The establishment of the NHS in 1948 was a concession made by British capitalism to an angry and organised working class that, having gone through a world war, was not prepared to return to a life of poverty where it had to rely on charity for medical treatment.

Capitalism at this time was able to make these concessions, but this has changed dramatically.

Today, the world crisis of the capitalist system means that all these concessions are no longer affordable.

The NHS budget, as far as the capitalist class is concerned, is a terrible drain at a time when everything is geared to propping up the banks and ensuring profitability for private corporations.

The demand of the capitalist class today is to stop all expenditure on public health: those parts of NHS that cannot be successfully privatised must just wither away or be at the mercy of charities.

What is clear is that the NHS cannot be defended by appeals to the government. The only way to defeat the bill is to bring down the government that is hell-bent on destroying the NHS, and with it the capitalist system that places profit above the lives of working people.

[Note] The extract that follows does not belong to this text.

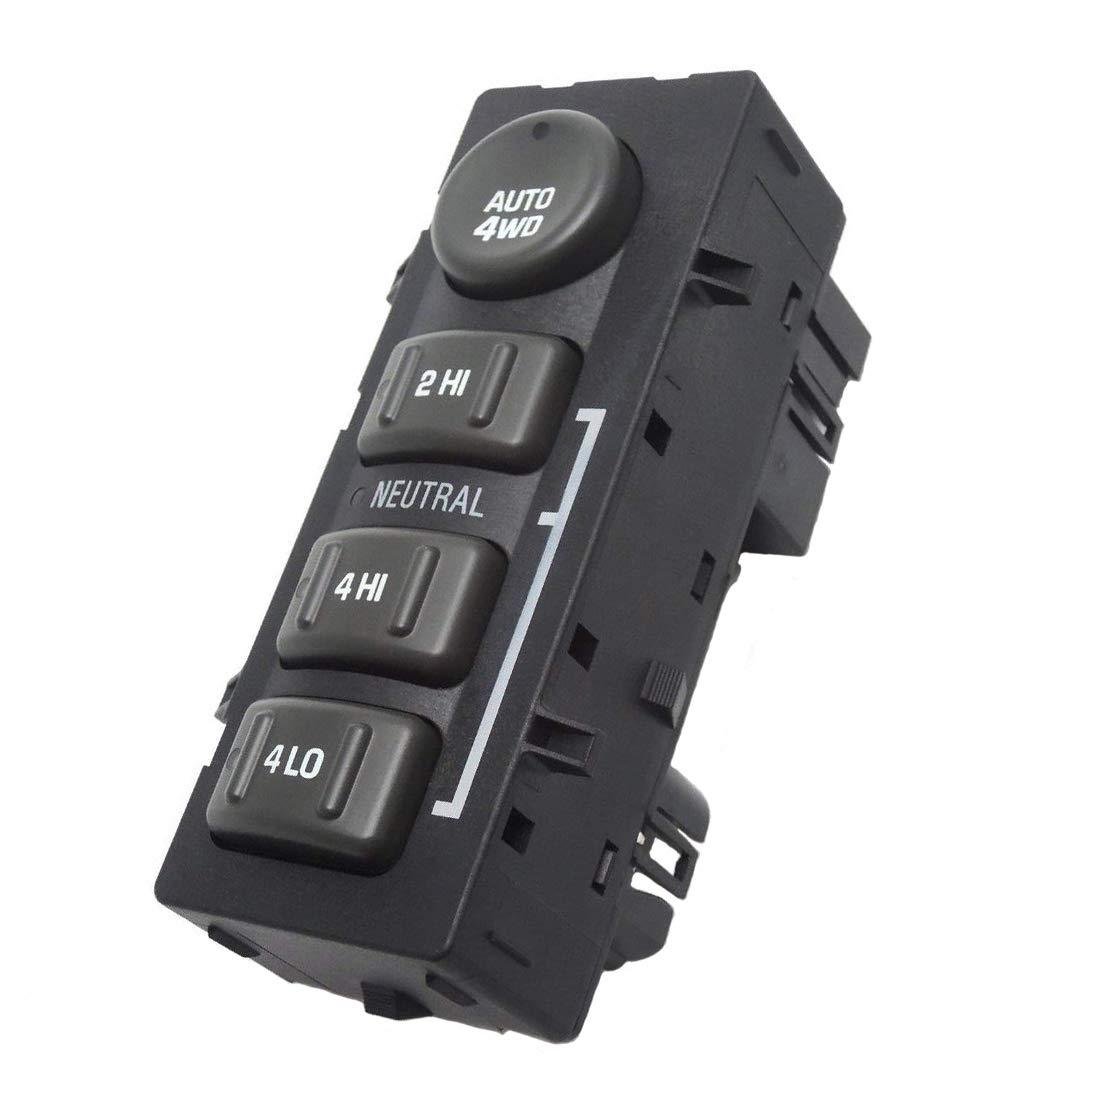 4x4 4wd Switch 901062 for Chevy Silverado GMC Sierra 4 Wheel Drive Switch Transfer Case Switch 15709327 19168767 Issyzone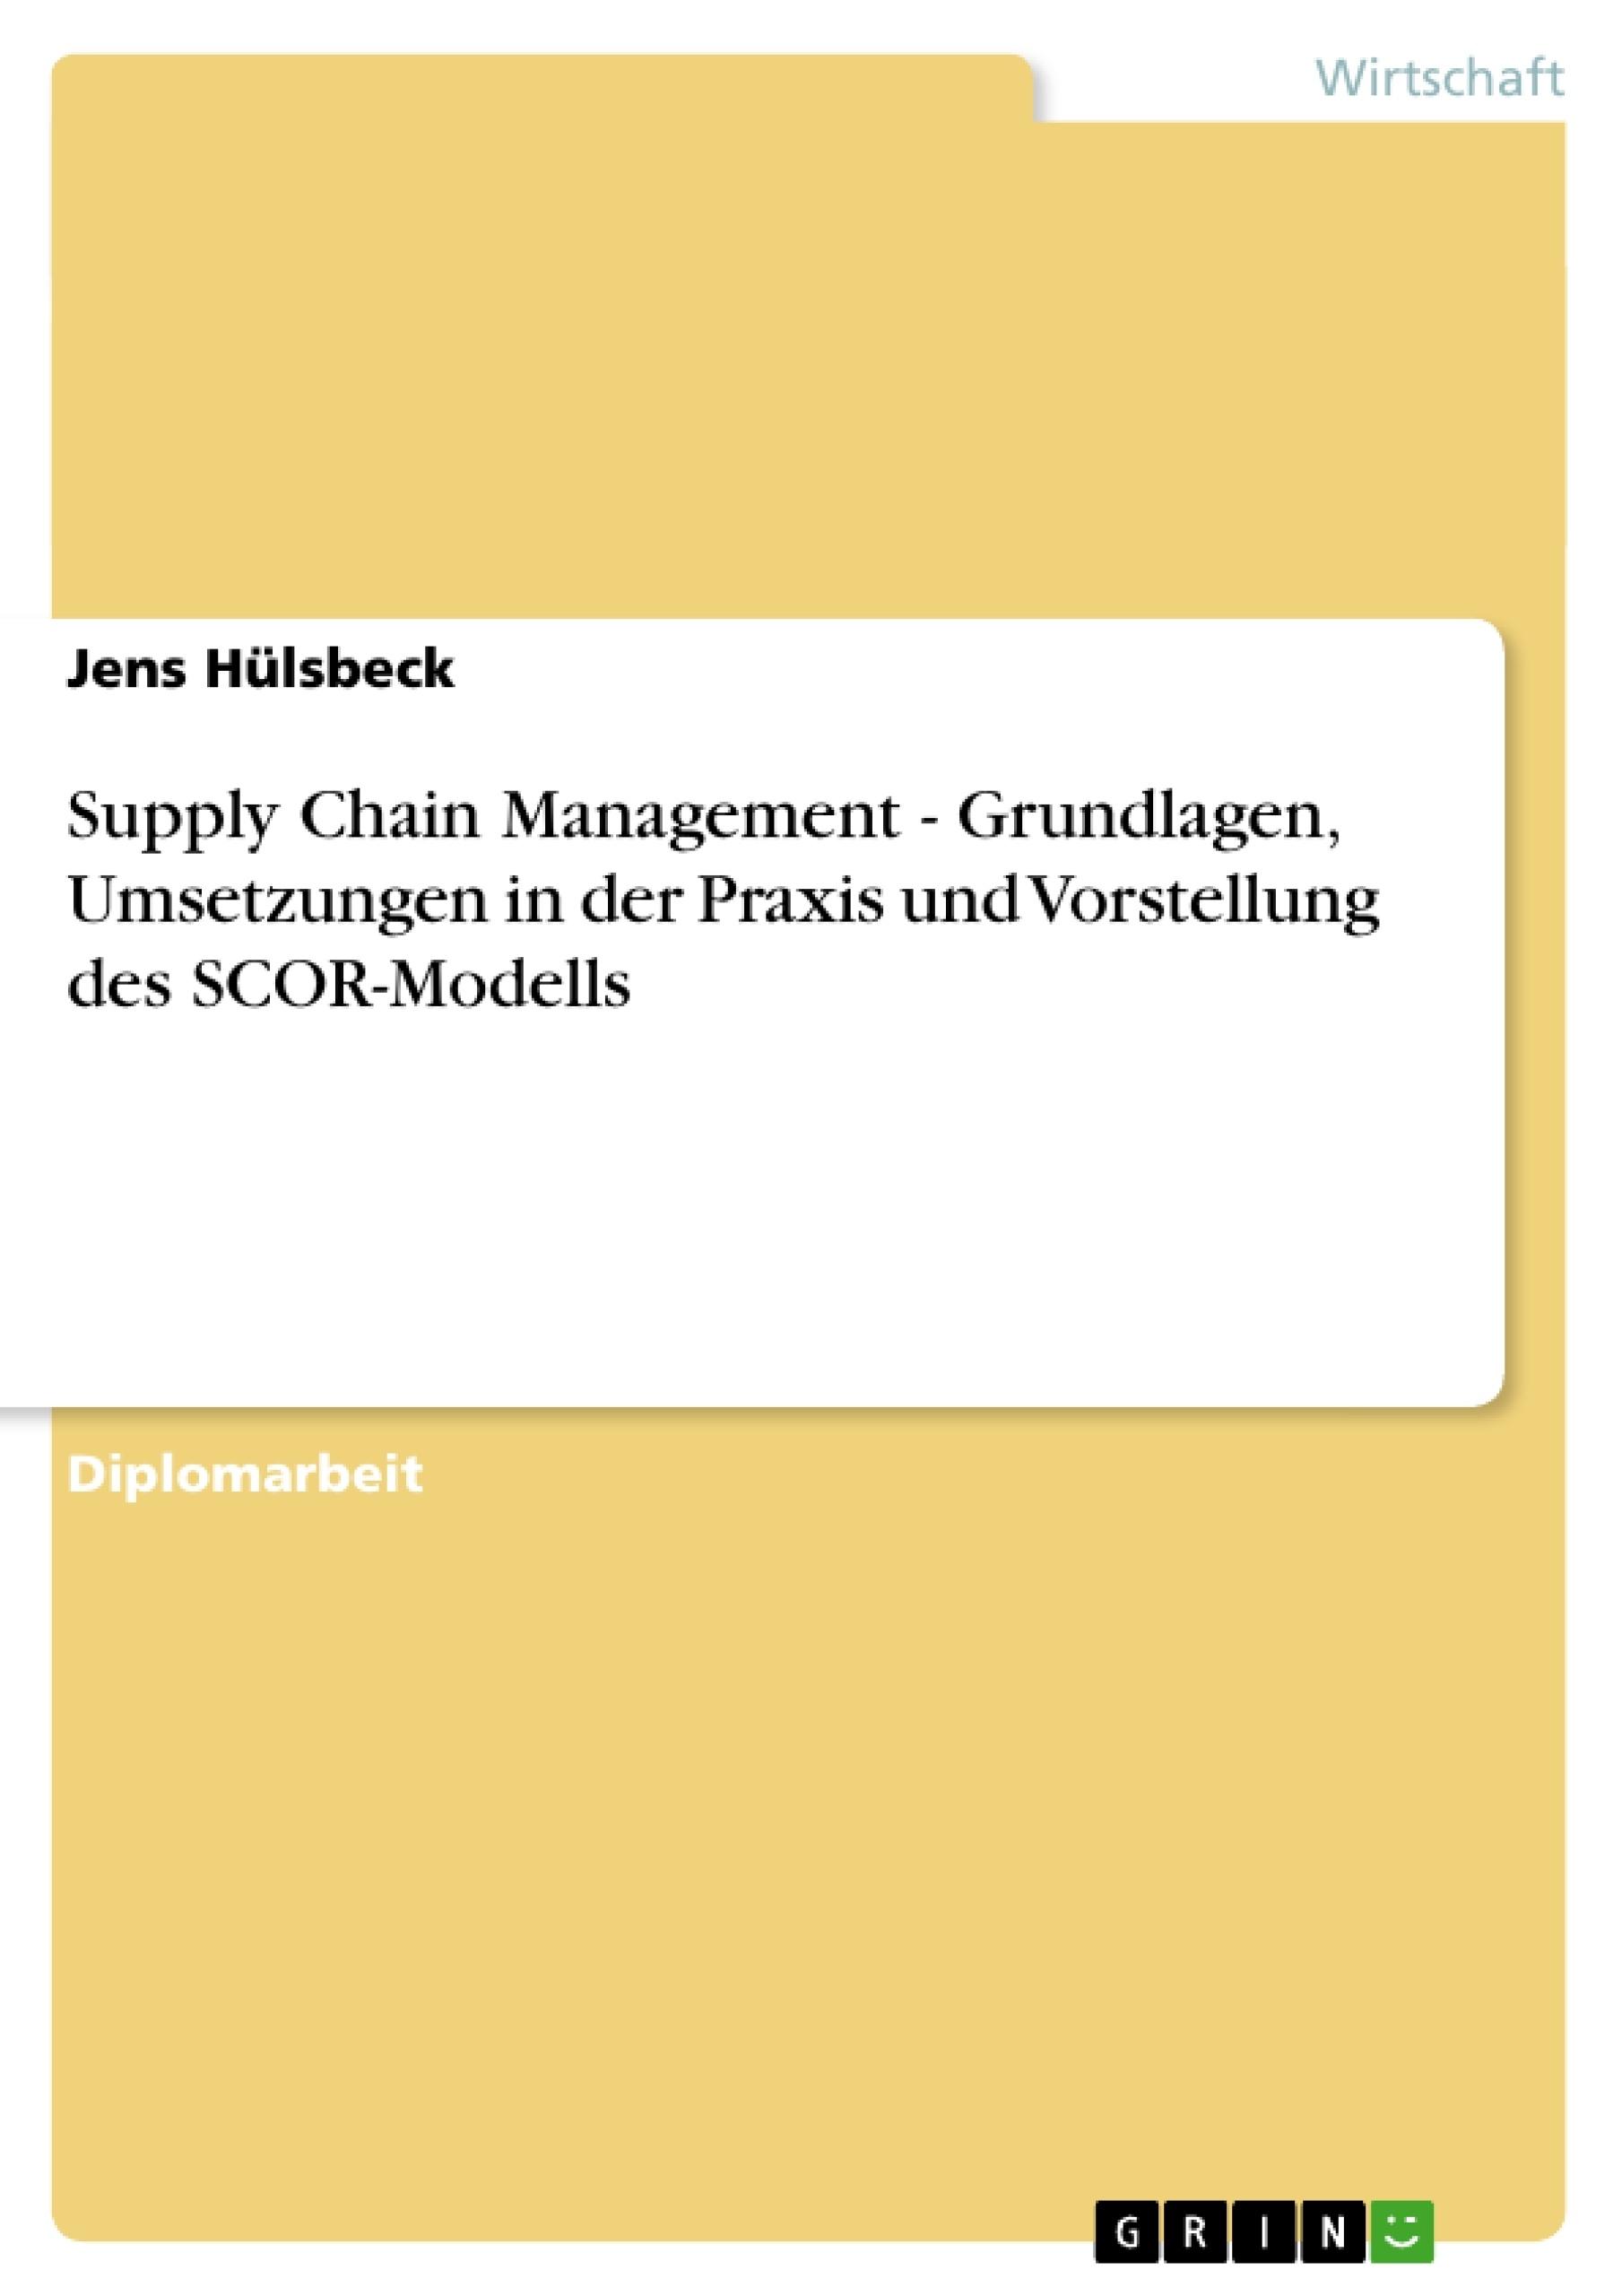 Titel: Supply Chain Management - Grundlagen, Umsetzungen in der Praxis und Vorstellung des SCOR-Modells

This means demanding that the TUC leaders stop mouthing their support for the NHS and the gains of the Welfare State and start organising a general strike to bring down the government.

Those trade union leaders who refuse to lead this fight must be immediately removed and replaced with a new, revolutionary leadership that will lead the fight to not just kick out the coalition but replace it with a workers government that will go forward to socialism and ensure a universal health system completely free at the point of delivery.